The middle class was going crazy buying houses, the rate of interest for the loans of which had, for the first time, dropped to a single-digit figure (8.35%). Real estate prices fell also because of Vajpayee’s announcement in 2001 that his government would build 3 lakh houses in the next four years. And vehicles were moving on broad and smooth highways at speeds never experienced before — although the then Prime Minister’s dream of the Golden Quadrilateral was yet to be realised.
A grateful nation turned nationalist with Indians asserting themselves in their limited capacities. In response to the American sanctions, people boycotted Coke and Pepsi, switching to the good ol’ fruit juice. In 2002, the Indian unit of Coca Cola sold off 49% of its stakes in its wholly owned bottling subsidiaries (also because it had failed to meet the deadline to move a percentage of the business to Indian hands that it had agreed to in 1997).
Vajpayee’s was a typical government for the middle classes. While he did nothing awful for the poor, the sudden ascension of the lower middle class increased the income and lifestyle disparities. So many incidents of crime — with the lower stratum of the economy invariably found to be the perpetrator — were reported from residential areas of cities that many were transformed into fortresses.
These were portents of 2004, which the government of the day ignored to its own peril with its “feel good” slogan under the “India Shining” campaign. The government’s food security programmes were not advertised. In 1999, the Atal Bihari Vajpayee government had brought in the 81st Amendment of the Constitution, ensuring that the unfilled reserved job vacancies in a given year in the government sector do not affect the percentage of reservation for Dalits the next year.
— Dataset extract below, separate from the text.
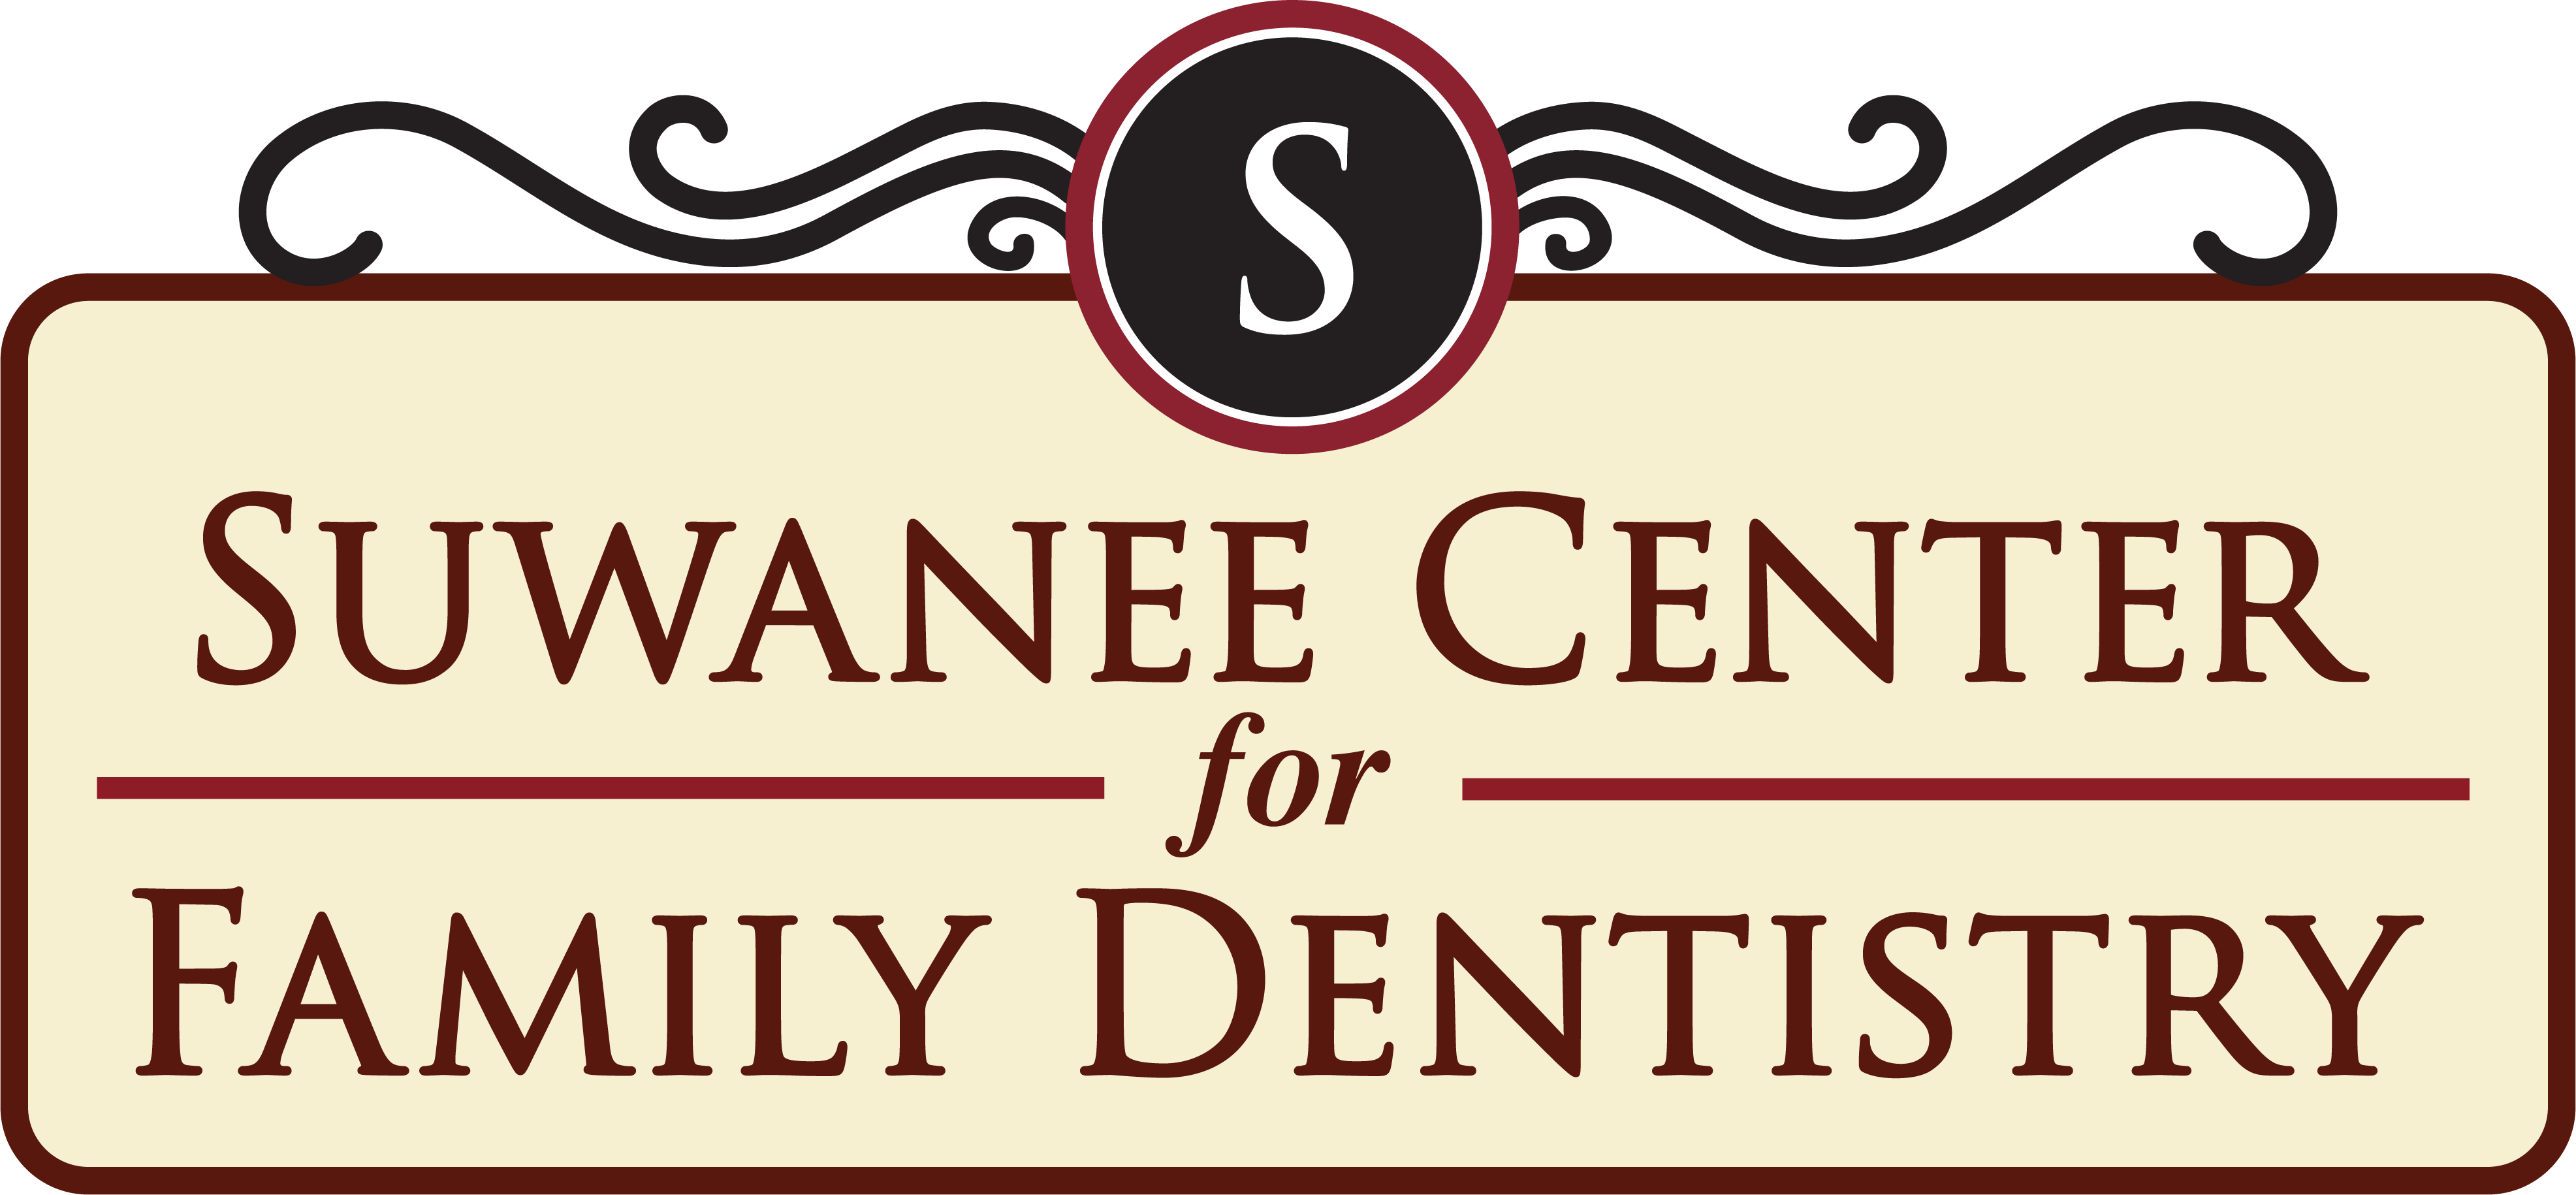 Suwanee Center for Family Dentistry

Rather carelessly, this reform was not advertised, which would have gone a long way in dispelling the notion that the BJP was a Brahmin-Baniya party.
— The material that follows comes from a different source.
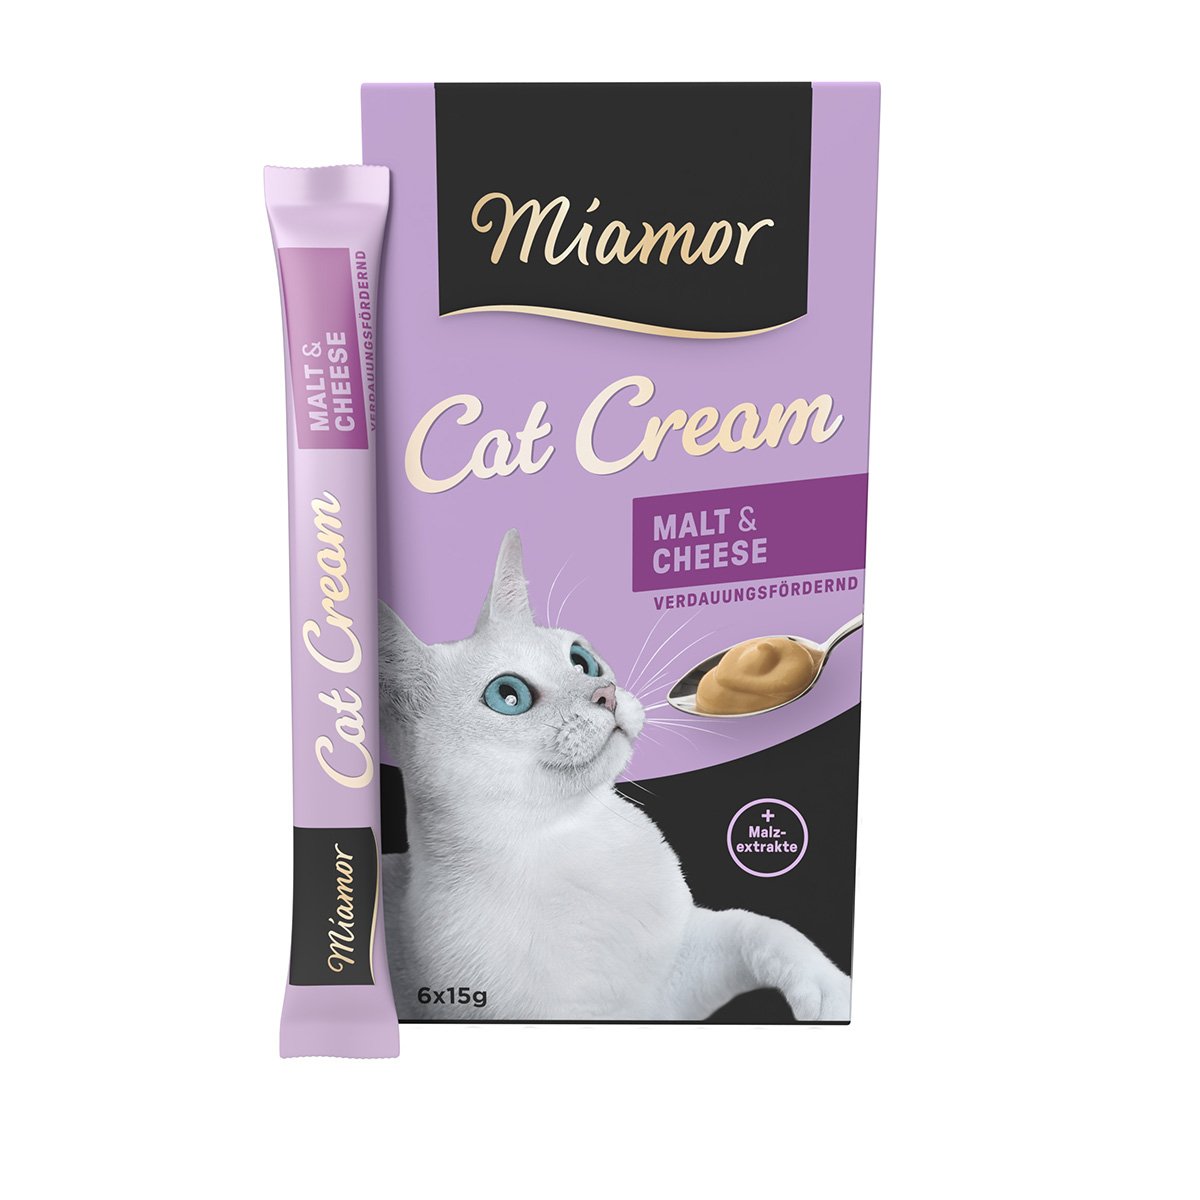 Miamor Cat Cream Malt & Cheese 24x15g von Miamor

Even an indifferent citizen of the country today has heard of MGNREGA. Before the Sonia Gandhi-Manmohan Singh government stepped in with policy dictated by 60 odd communist MPs, however, Vajpayee had made little effort to publicise his Sampoorna Grameen Rozgar Yojana that provisioned half of the allocation in the form of free food grains to the States, which was the largest food-for-work programme undertaken till then.
For all these failings, to many a middle class Indian, Vajpayee was still “my Prime Minister”. After the initial years of Jawaharlal Nehru, after Indira Gandhi in 1972 following the creation of Bangladesh, the Prime Minister of India had become “my Prime Minister” for a third time, thanks to Vajpayee.
Ironically, his fans let Vajpayee down, too. Continuing with their apathy to elections, 2004 once again saw a terribly low voter turnout, with much of the middle class taking a day off in the scorching summer and the poor having a field day exercising their franchise.
Unfortunately for both Rao and Vajpayee, the economy lags policy by some years. The market had not boomed under Rao; it did under the United Front regime, albeit thanks to Rao’s liberalisation. Similarly, the GDP growth during Vajpayee was nothing impressive to write home about. Manmohan Singh walked away with the laurels during UPA I. however, the small but significant section of the commentariat seen today advocating a free market for India was a generation born in the 1990s with the advent of Rao’s rule — that swore by economic freedom by the time Vajpayee became the Prime Minister for the second time (1998).